━━ Supplied data ━━
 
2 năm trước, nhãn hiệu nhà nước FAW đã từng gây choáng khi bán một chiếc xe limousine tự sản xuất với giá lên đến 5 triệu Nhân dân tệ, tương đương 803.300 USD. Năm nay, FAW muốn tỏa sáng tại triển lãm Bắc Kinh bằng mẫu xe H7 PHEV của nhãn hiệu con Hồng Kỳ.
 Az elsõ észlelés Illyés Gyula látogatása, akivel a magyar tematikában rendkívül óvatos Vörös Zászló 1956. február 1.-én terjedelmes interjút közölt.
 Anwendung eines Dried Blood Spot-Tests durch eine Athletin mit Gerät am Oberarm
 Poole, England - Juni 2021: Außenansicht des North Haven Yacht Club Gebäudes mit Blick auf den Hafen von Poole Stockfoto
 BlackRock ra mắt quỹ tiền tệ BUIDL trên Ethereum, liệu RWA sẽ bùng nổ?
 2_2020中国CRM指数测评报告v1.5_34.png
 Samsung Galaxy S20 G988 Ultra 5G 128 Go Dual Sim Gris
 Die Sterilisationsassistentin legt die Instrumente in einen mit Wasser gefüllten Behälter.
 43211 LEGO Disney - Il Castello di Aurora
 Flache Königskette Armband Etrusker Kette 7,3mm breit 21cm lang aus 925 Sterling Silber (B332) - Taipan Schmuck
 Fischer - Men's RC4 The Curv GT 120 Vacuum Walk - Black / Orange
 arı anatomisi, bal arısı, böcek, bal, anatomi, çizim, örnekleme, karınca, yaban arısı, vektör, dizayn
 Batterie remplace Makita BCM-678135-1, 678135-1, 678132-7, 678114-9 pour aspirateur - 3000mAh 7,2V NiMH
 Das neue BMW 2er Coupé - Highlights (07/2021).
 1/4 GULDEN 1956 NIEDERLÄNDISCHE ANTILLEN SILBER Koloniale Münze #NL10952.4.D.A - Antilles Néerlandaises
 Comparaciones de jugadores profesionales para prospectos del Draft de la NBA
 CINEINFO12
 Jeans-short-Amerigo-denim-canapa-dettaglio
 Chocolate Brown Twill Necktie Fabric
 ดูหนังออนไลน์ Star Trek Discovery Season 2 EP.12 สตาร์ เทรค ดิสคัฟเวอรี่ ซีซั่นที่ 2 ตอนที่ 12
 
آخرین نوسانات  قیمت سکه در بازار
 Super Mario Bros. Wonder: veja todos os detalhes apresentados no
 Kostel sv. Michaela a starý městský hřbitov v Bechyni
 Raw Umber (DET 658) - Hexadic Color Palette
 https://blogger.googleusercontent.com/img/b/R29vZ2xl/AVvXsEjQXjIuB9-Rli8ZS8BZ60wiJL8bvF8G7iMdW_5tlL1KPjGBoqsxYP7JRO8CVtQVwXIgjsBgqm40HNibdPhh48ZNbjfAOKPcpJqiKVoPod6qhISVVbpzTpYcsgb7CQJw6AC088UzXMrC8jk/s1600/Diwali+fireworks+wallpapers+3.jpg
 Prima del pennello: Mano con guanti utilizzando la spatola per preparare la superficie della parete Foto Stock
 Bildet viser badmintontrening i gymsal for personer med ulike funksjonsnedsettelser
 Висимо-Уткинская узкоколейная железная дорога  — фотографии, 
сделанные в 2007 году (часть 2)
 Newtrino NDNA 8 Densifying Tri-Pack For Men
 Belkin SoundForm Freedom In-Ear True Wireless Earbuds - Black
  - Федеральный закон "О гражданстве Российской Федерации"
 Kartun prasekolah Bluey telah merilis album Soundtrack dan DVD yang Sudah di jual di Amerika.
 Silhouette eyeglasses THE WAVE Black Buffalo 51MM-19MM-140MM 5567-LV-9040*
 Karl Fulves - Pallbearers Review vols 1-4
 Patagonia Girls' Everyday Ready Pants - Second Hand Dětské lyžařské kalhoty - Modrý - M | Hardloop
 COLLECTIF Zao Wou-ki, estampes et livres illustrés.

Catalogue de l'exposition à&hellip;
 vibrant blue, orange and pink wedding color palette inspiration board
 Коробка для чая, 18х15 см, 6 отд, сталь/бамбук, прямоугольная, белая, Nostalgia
━━━
### Task to carry out
Only the lines above from the line with "ดูหนังออนไลน์ Star Trek" to the line with "Kartun prasekolah Bluey", those two lines included, should be reproduced exactly.

### Task response
 ดูหนังออนไลน์ Star Trek Discovery Season 2 EP.12 สตาร์ เทรค ดิสคัฟเวอรี่ ซีซั่นที่ 2 ตอนที่ 12
 
آخرین نوسانات  قیمت سکه در بازار
 Super Mario Bros. Wonder: veja todos os detalhes apresentados no
 Kostel sv. Michaela a starý městský hřbitov v Bechyni
 Raw Umber (DET 658) - Hexadic Color Palette
 https://blogger.googleusercontent.com/img/b/R29vZ2xl/AVvXsEjQXjIuB9-Rli8ZS8BZ60wiJL8bvF8G7iMdW_5tlL1KPjGBoqsxYP7JRO8CVtQVwXIgjsBgqm40HNibdPhh48ZNbjfAOKPcpJqiKVoPod6qhISVVbpzTpYcsgb7CQJw6AC088UzXMrC8jk/s1600/Diwali+fireworks+wallpapers+3.jpg
 Prima del pennello: Mano con guanti utilizzando la spatola per preparare la superficie della parete Foto Stock
 Bildet viser badmintontrening i gymsal for personer med ulike funksjonsnedsettelser
 Висимо-Уткинская узкоколейная железная дорога  — фотографии, 
сделанные в 2007 году (часть 2)
 Newtrino NDNA 8 Densifying Tri-Pack For Men
 Belkin SoundForm Freedom In-Ear True Wireless Earbuds - Black
  - Федеральный закон "О гражданстве Российской Федерации"
 Kartun prasekolah Bluey telah merilis album Soundtrack dan DVD yang Sudah di jual di Amerika.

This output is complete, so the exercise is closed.